Great! Models correlation is not very high suggesting that each one may capture a different aspect of the data, and different models may perform best on different subsets of the data so one model may predict correctly cases where the other model predicts incorrectly. Therefore we could try to improve the overall performance combining the predictions of a number of models and making “meta-models” to ensemble collections of predictive models.

Adjust model by making ensembles of caret models

Similarly to before, we start specifying a new trainControl object and then we can use the caretStack function to create ensemble models from the list of caret models.

stackControl <- trainControl(method="repeatedcv", 
                             number=10, repeats=5, 
                             allowParallel = TRUE
stack.xgbTree <- caretStack(models, method="xgbTree", 

Test Ensemble model with test dataset

stack_predicted_xgbTree<- predict(stack.xgbTree, newdata = bcancerTest)
head(stack_predicted_xgbTree, n = 10)
##  [1] M M M M B M M M M M
## Levels: B M

Evaluating the model

We can evaluate the model drawing a confusion matrix to analyzing the different types of errors of each ML model.
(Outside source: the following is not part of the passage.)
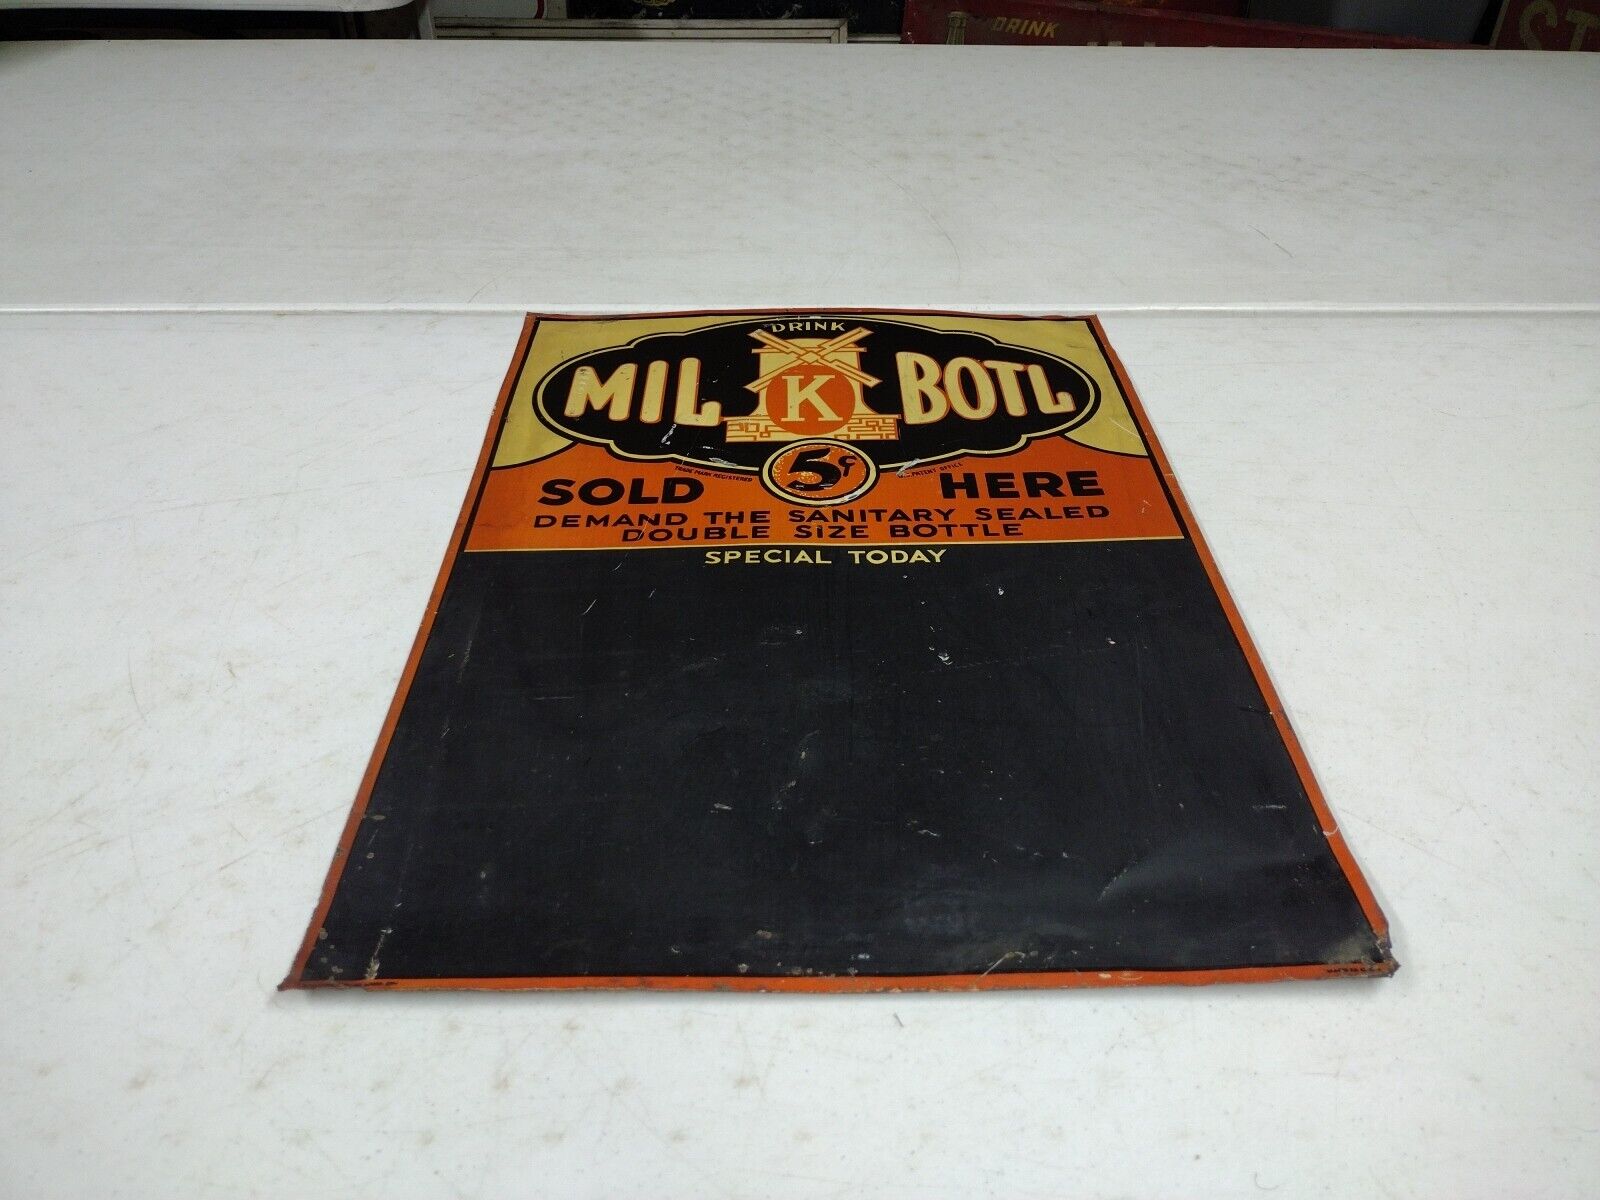 Vintage SST Drink Mil-k-botl Embossed Advertising Windmill Soda Menu Board Sign

xgbTree.cmx <- caret::confusionMatrix(stack_predicted_xgbTree, 
                                  bcancerTest$diagnosis, positive = "B")

This confusion matrix shows the performance on prediction of the stack ensemble classification model when new/production data is passed through the model. The accuracy and Kappa show that this model is doing a pretty good job! Kappa for ensemble model is lower than that one for the base xgbTree, but bear in mind that the ensemble model had never seen the new testing data before!


We built stacked ensemble model gathered of individual based learners that has a pretty good probability of success when predicting breast cancer diagnosis.